Ever Given’s blocking of Suez Canal shows threat posed by global warming, Marsh says
The blocking of the Suez Canal by the cargo ship Ever Given shows the threat climate change poses to the global economy, according to a new report from the world’s largest insurance broker Marsh.
Rising sea levels and an uptick in extreme weather events could wreak havoc on global supply chains by disrupting key shipping routes such as the Suez Canal, the New York insurer said.
Threats to the world’s five key shipping routes – which include the Malacca Straits between Malaysia and Indonesia, the Straits of Hormuz between the UAE and Iran, the Bab-al-Mandab between Djibouti and Yemen, and the Suez and Panama Canals – could have an outsized impact on the global economy in disrupting “critical points of failure,” Marsh said.

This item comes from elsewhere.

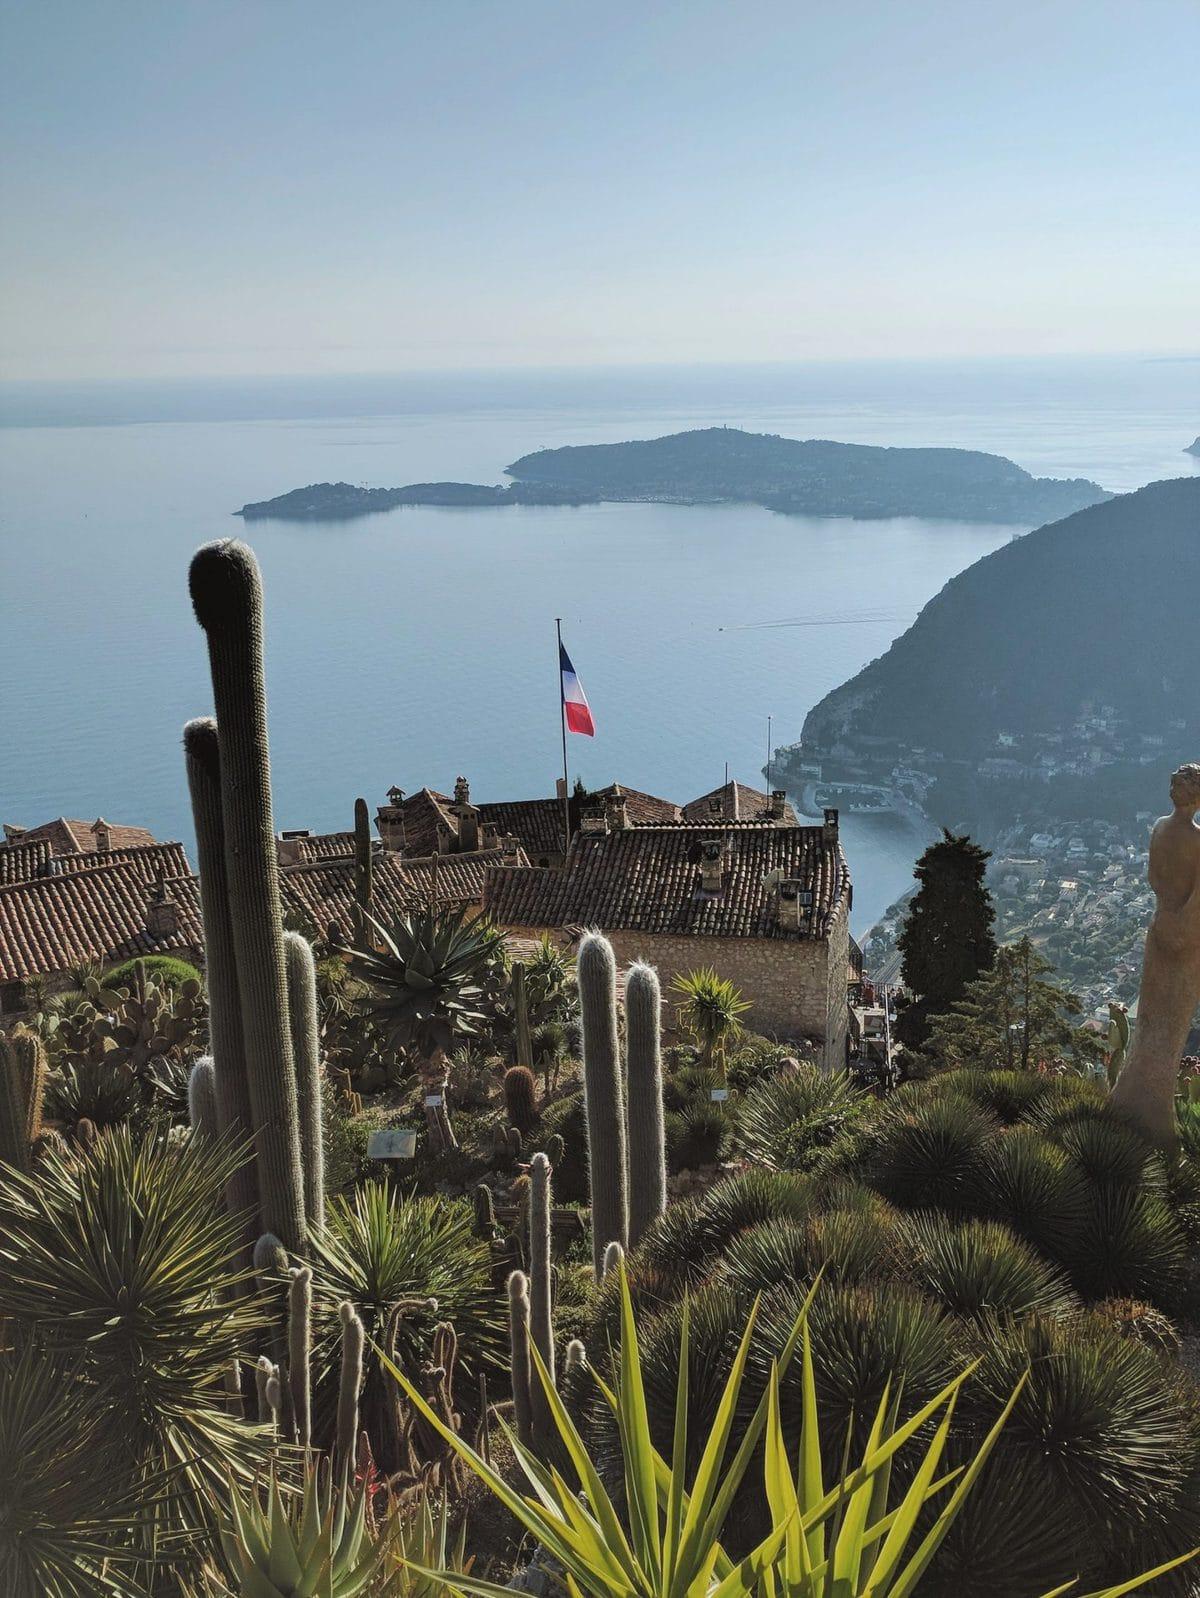 Botanical garden at the top of Eze Village overlooking the ocean

It noted the Suez Canal plays a role in an estimated 12 per cent of global trade, in helping transport around one million barrels of oil a day and eight per cent of the world’s supply of liquified natural gas (LNG). The Ever Given event alone is estimated to have cost $9.6bn a day in holding up hundreds of container ships over a six-day period.
The insurer warned that climate change driven disruption now threatens to undermine the very basis on which previously successful “just in time” supply chains have been built, as it called for new measures to boost the resilience of the five key waterways that play an outsized role in global trade.
Marsh warned disruptive weather events, driven by climate change, could increase the frequency of Ever Given like events, as it noted rising sea levels could also have a major impact on the integrity of port infrastructure.
It also warned that any decline in the Suez Canal could also have a major impact on the Egyptian economy, in noting the artificial waterway accounts for 60 per cent of Egypt’s foreign trade and three per cent of the country’s GDP.